Content tab

Pentaho Data Integration

Version
9.3.x
Audience
anonymous
Part Number
MK-95PDIA003-15


Content tab

In the Content tab, using the following options, you can specify the format of the source files.

Option Description
Filetype Select either CSV or Fixed length. Depending on the file type you select, a corresponding interface appears when you click Get Fields in the Fields tab.
Separator Specify the character used to separate the fields in a single line of text, typically a semicolon or tab. Click Insert Tab to place a tab in the Separator field. The default value is semicolon (;).
Enclosure Specify an optional character used to enclose a field if that field contains a separator character. The default value is double quotation marks (").
Allow breaks in enclosed fields Not implemented.
Escape Specify one or more characters to indicate if another character is a part of a regular text. For example, if a backslash (\) is the escape character and a single quote (') is an enclosure or separator character, then the text Not the nine o\’clock news is parsed as Not the nine o’clock news.
Header Select if your text file has a header row (first lines in the file).
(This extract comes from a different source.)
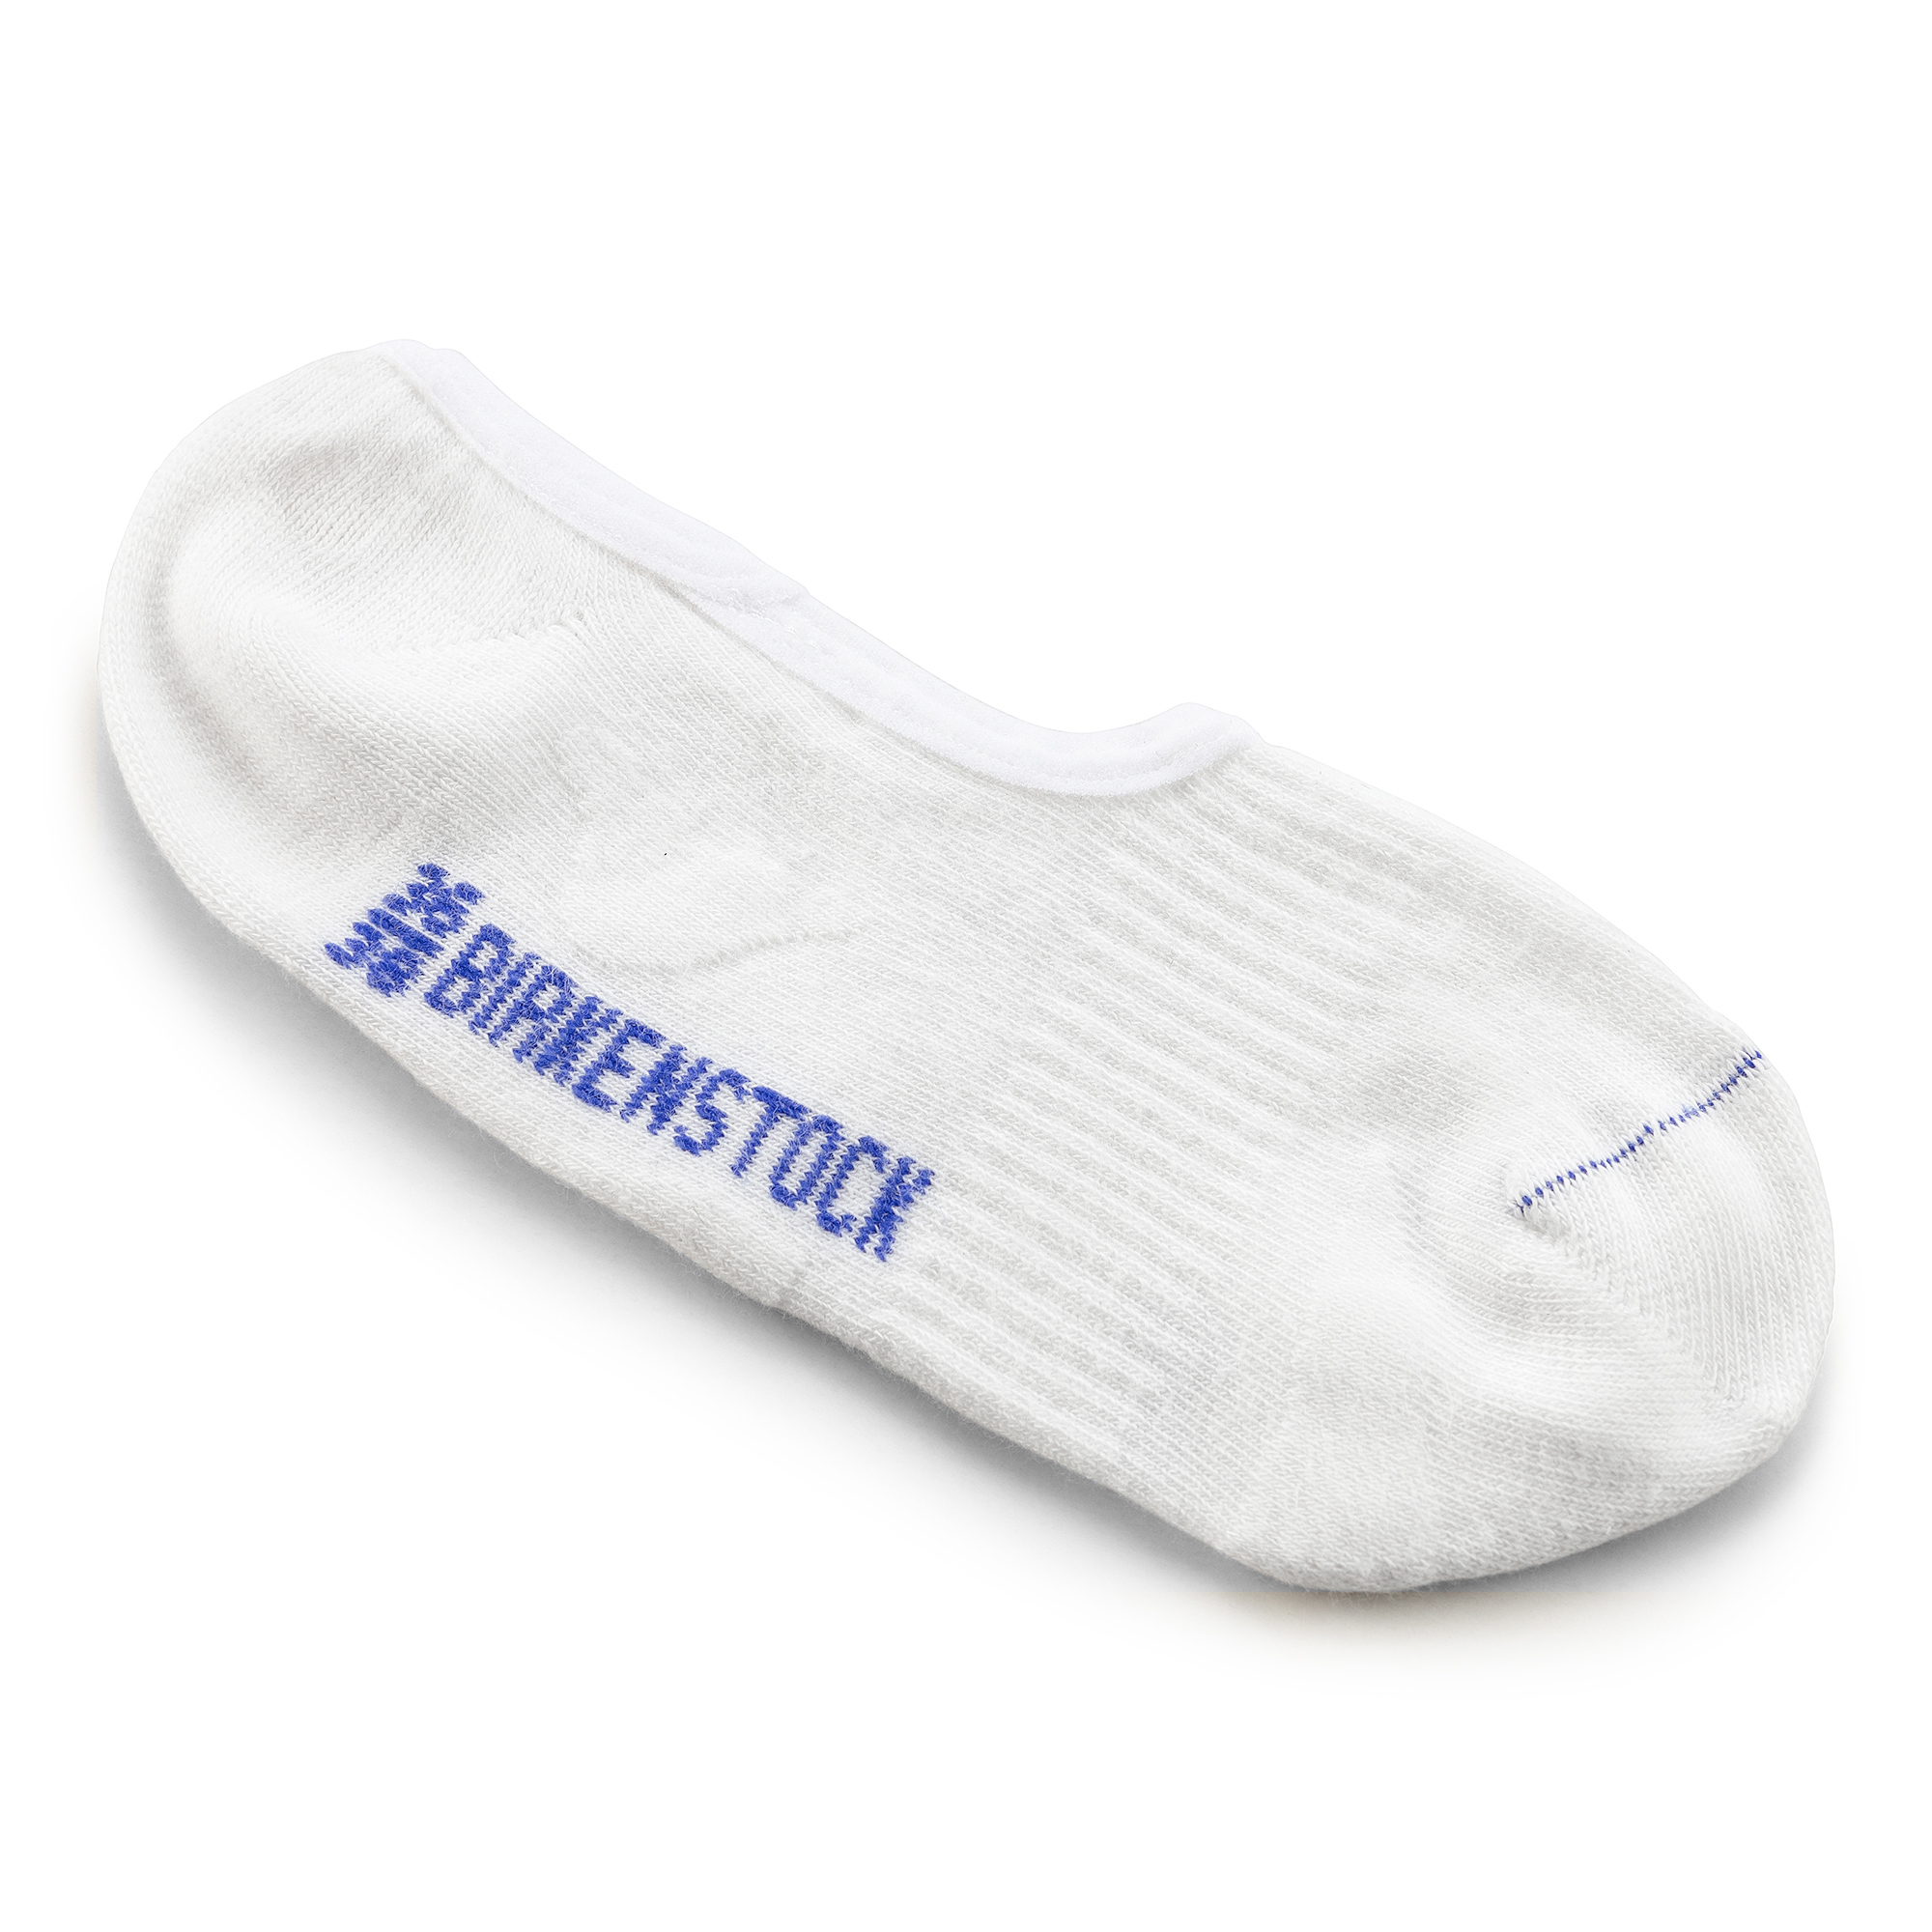 Cotton Sole Sock White | shop online at 
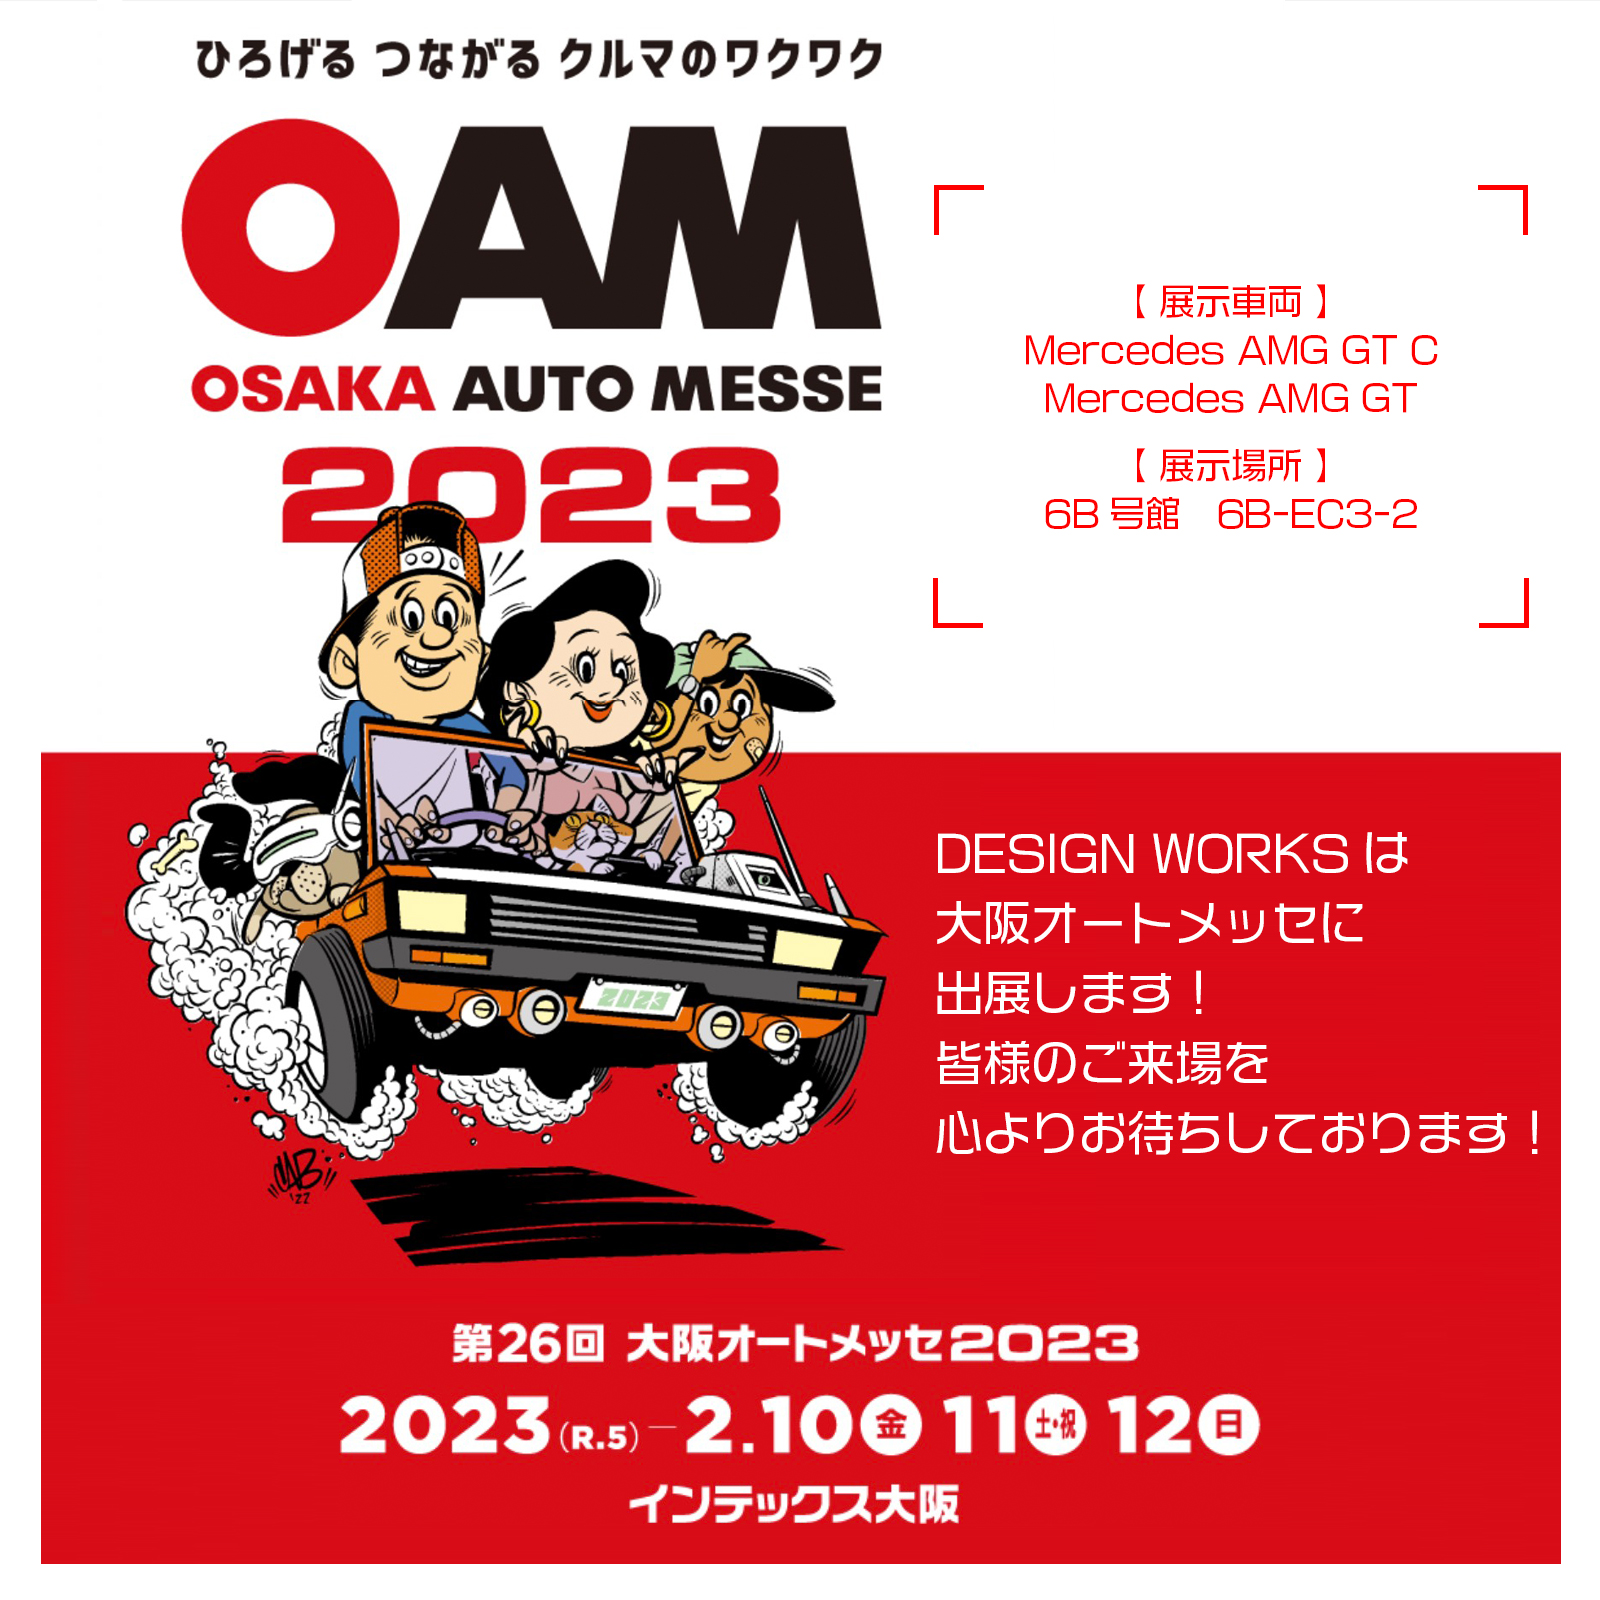 DESIGN WORKSは 東京オートサロン2023に出展します！

You can use Number of header lines to specify the number of times the header line appears.
Footer Select if your text file has a footer row (last lines in the file). You can use Number of footer lines to specify the number of times the footer row appears.
Wrapped lines Select if you work with data lines that have wrapped beyond a specific page limit. You can use Number of times wrapped to specify the number of times the line is wrapped. Headers and footers are never considered wrapped.
Paged layout (printout) Select when other text handling options (above) fail on a text file designed to be output to a line printer. You can use Document header lines to skip introductory texts and Number of lines per page to position the data lines.
Compression Select if your text file is in a ZIP or GZip archive. Only the first file in the archive is read.
No empty rows Select if you do not want to send empty rows to the next steps.
Include filename in output Select if you want the file name to be part of the output, and use Filename fieldname to enter the name of the field that contains the file name.
Rownum in output Select if you want the row number to be part of the output. You can use Rownum fieldname to enter the name of the field that contains the row number. Select Rownum by file if you want to allow the row number to be reset per file.
Format Select the file format, which can be either DOS, UNIX, or mixed. UNIX files have lines terminated by line feeds. DOS files have lines separated by carriage returns and line feeds. If you specify mixed, no verification is done.
Encoding Select the text file encoding to use. Leave blank to use the default encoding on your system. To use Unicode, specify UTF-8 or UTF-16. On first use, the PDI client searches your system for available encodings.
Length
Select the length of the field according to its type:
  • Characters
  • Bytes
Limit Specify a limit on the number of records generated from this step. Specify zero (0) for an unlimited number of records.
Be lenient when parsing dates? Clear the check box if you want strict parsing of data fields. If selected, dates like Jan 32nd become Feb 1st.
The date format Locale Specify the locale to use to parse dates written in full, such as February 2nd, 2006. For example, parsing February 2nd, 2006, on a system set to French (fr_FR) would not work because February is called Février in that locale.
Add filenames to result Select to add file names to a resulting list of file names.